Even off the battlefield, the Palestinian media empire and the Boycott, Divestment, and Sanctions movement (BDS) have carried Israeli settler colonialism narratives and the clarion call for the destruction of Israel into corporate, academic, and cultural spheres throughout the world. By linking the anti-Israel movement and its narratives with other trending — albeit contradictory — ideologies, from Black Lives Matter to LGBTQ, the battle cry to destroy Israel has become more palpable and urgent to a surging left-wing global audience. 

Ensuring regional stability through diplomacy might foster more accurate worldviews and facilitate durable pathways for peace. President Trump was perhaps on to something when he broke away from the conventional, decades-long mindset that Palestinians must first make peace with Israel before the rest of the Arab world. Trump’s Abraham Accords, signed in 2020, shored up normalization between Israel and other Arab states in the hope of legitimizing Israel in the eyes of regional neighbors, further isolating Iran, and pressuring the corrupt Palestinian leadership into making peace. 

Although an incredible achievement, the Abraham Accords have their limitations and faults. The Accords’ crown jewel will be a normalization treaty between Israel and Saudi Arabia. But the Saudi de facto ruler, Mohammed bin Salman, has made it crystal clear that there will be no such deal until a Palestinian state is established with East Jerusalem as its capital, and it is evident that the Palestinian leadership has no intention of living peacefully next to Israel. 

In recent days, officials in the UAE — a major player in the Accords — warned Israel that annexing the future site of a Palestinian state in the West Bank is a “red line.” “Annexation would be a red line for my government, and that means there can be no lasting peace. It would foreclose the idea of regional integration and be the death knell of the two-state solution,” Emirati special envoy Lana Nusseibeh reportedly told the Times of Israel.  Even within the Abraham Accords, current and potential Arab partners see the two-state solution as the end goal and raison d’être of their diplomatic relations with Israel.  

Perhaps the creation of an entirely new state, especially one sponsored by terrorism, is not the answer to lasting peace.

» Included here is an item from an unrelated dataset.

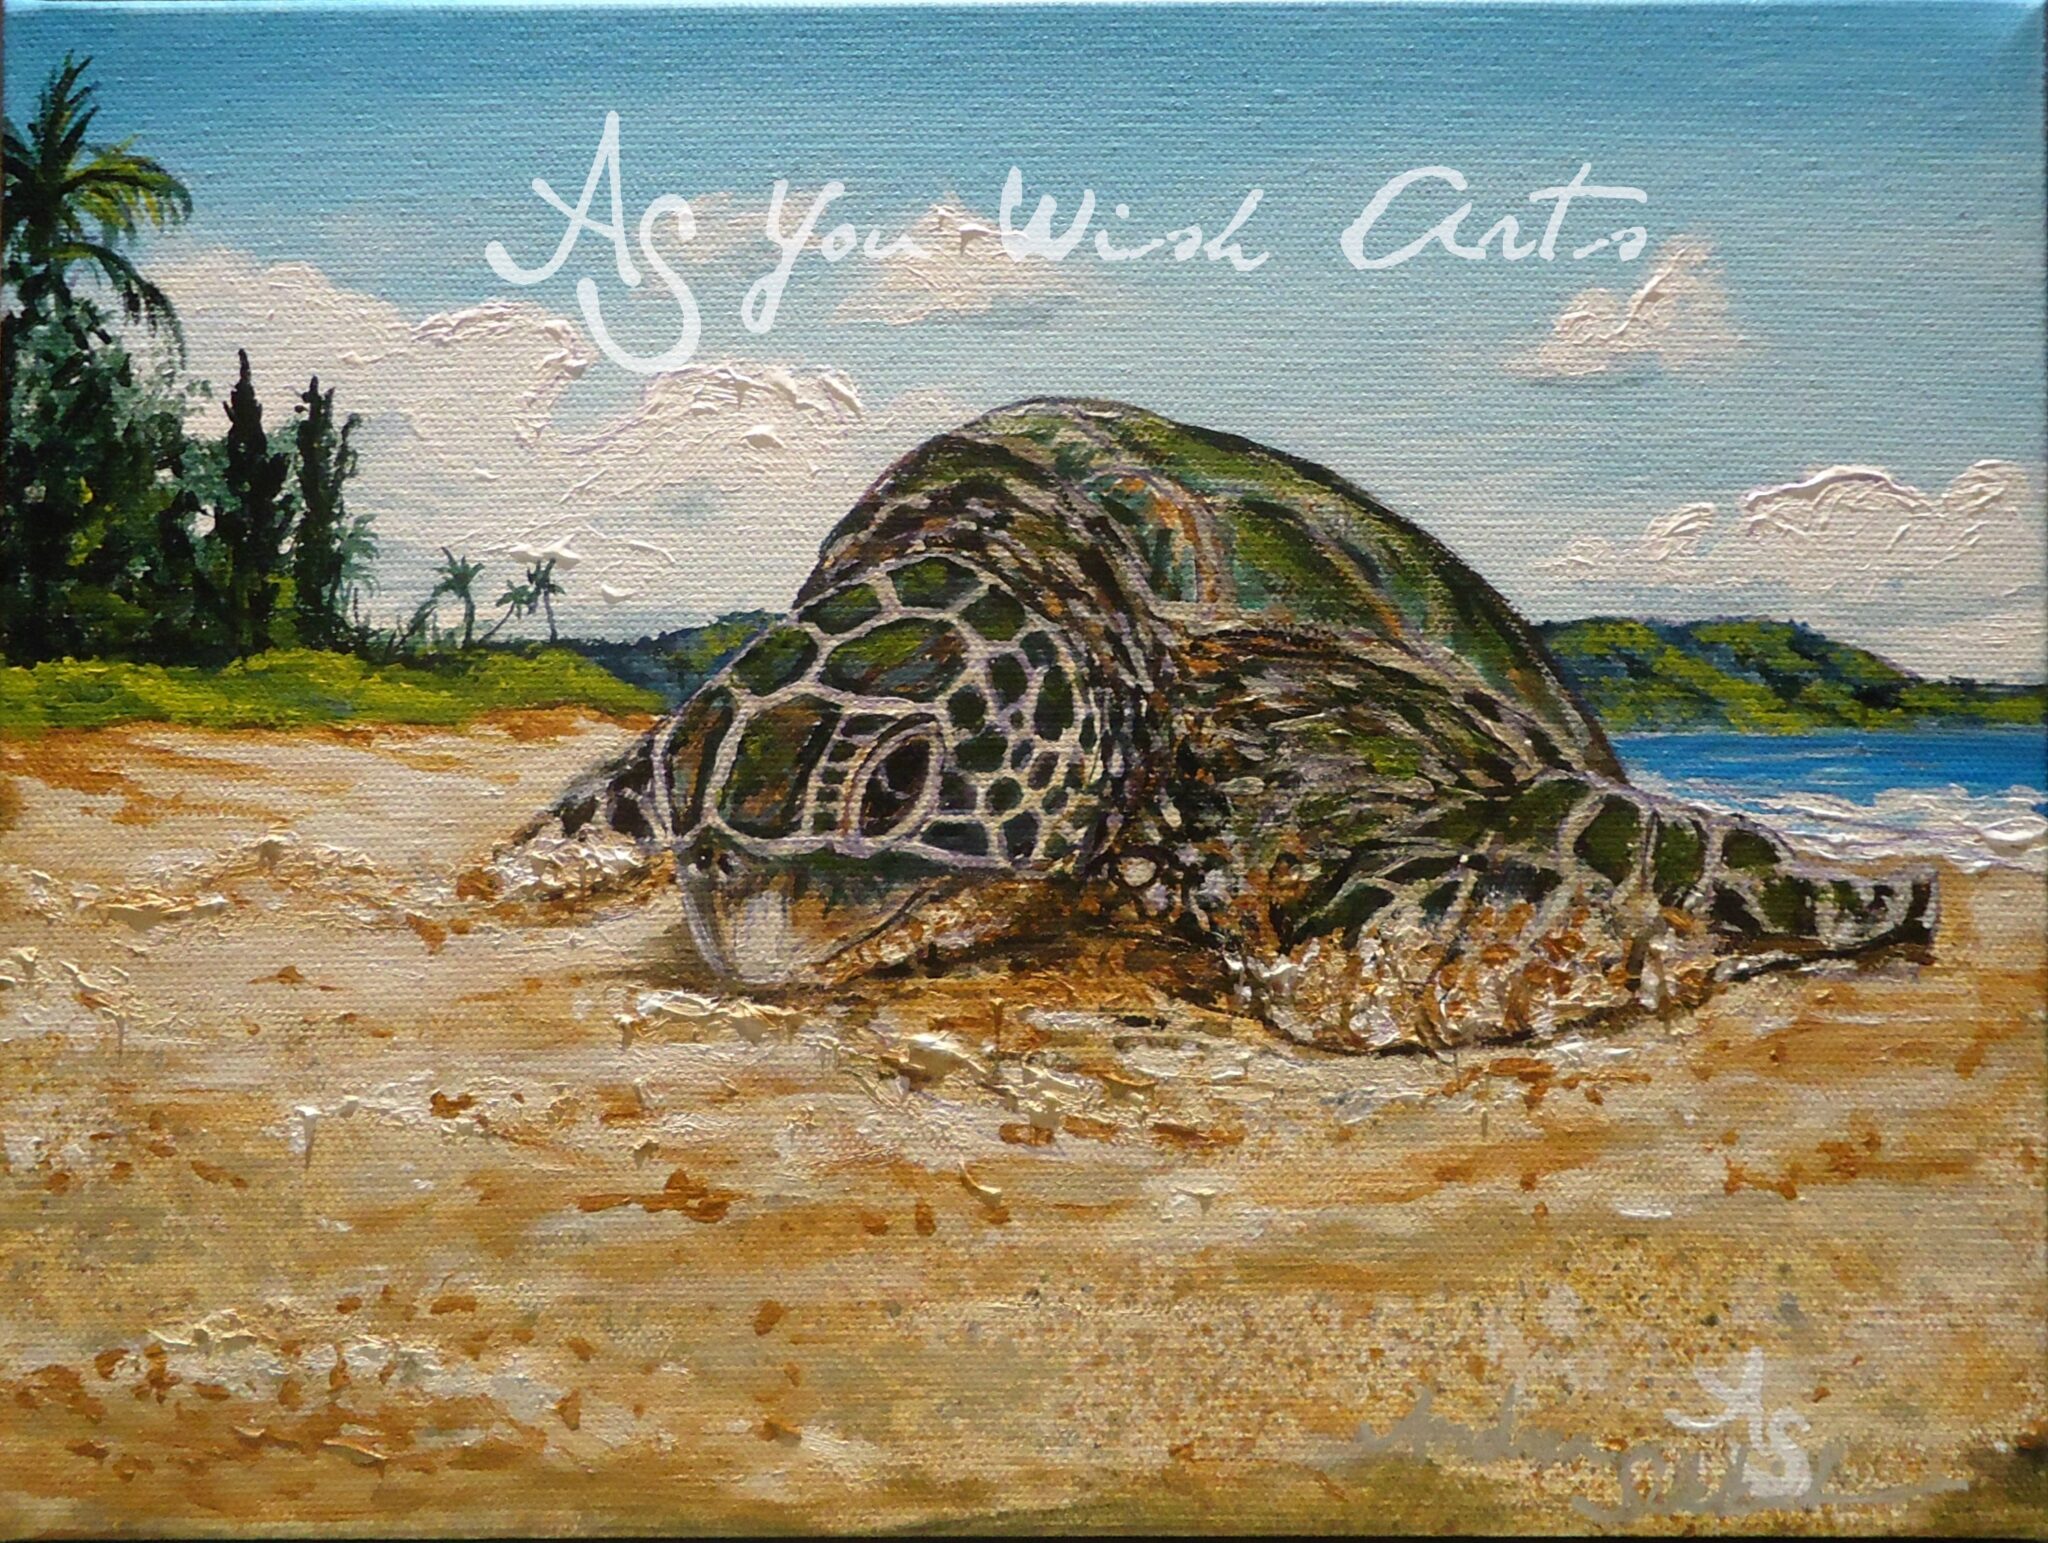 Honu winking with As you wish arts watermark

Although many Palestinians openly supported Hamas on October 7, this hides the fact that numerous other Palestinian communities choose to live peacefully and prosperously within Israel and under Israeli security. A vibrant Palestinian demographic is represented at every major Israeli university, and a Palestinian economic and cultural presence can be felt in mixed cities like Haifa and in peaceful towns such as Abu Ghosh. During Hezbollah’s rocket attacks and the so-called Twelve-Day War, I took cover in public bomb shelters alongside Palestinians, some praying the Rosary and others reading from the Quran, each expressing gratitude for Israel’s Iron Dome protection. Palestinians who live peaceful lives, practice the religion of their choice, and work gainfully within the borders of Israel, while traveling the world on an Israeli passport, are not anomalies. Perhaps the stereotype that all Palestinians are terrorists who hate Israel and wish for the country’s demise is also a hindrance to peace.

The stigmas surrounding a two-state solution and the narrative of “liberating Palestine” have been cultivated as tactics to bolster Palestinian terrorist organizations and their Iranian sponsors. Contrary to media portrayals, the IDF in Gaza and the West Bank is not at war against the Palestinian people. It is at war with Hamas and other terrorist organizations that have manipulated, abused, and exploited the Palestinian people. 

Pathways to peace can only be found where there is the strength and perseverance to eradicate the virus of terrorism. Only then can peace-loving Palestinians and Israelis begin negotiating the next steps toward coexistence without the narratives of hate and fear.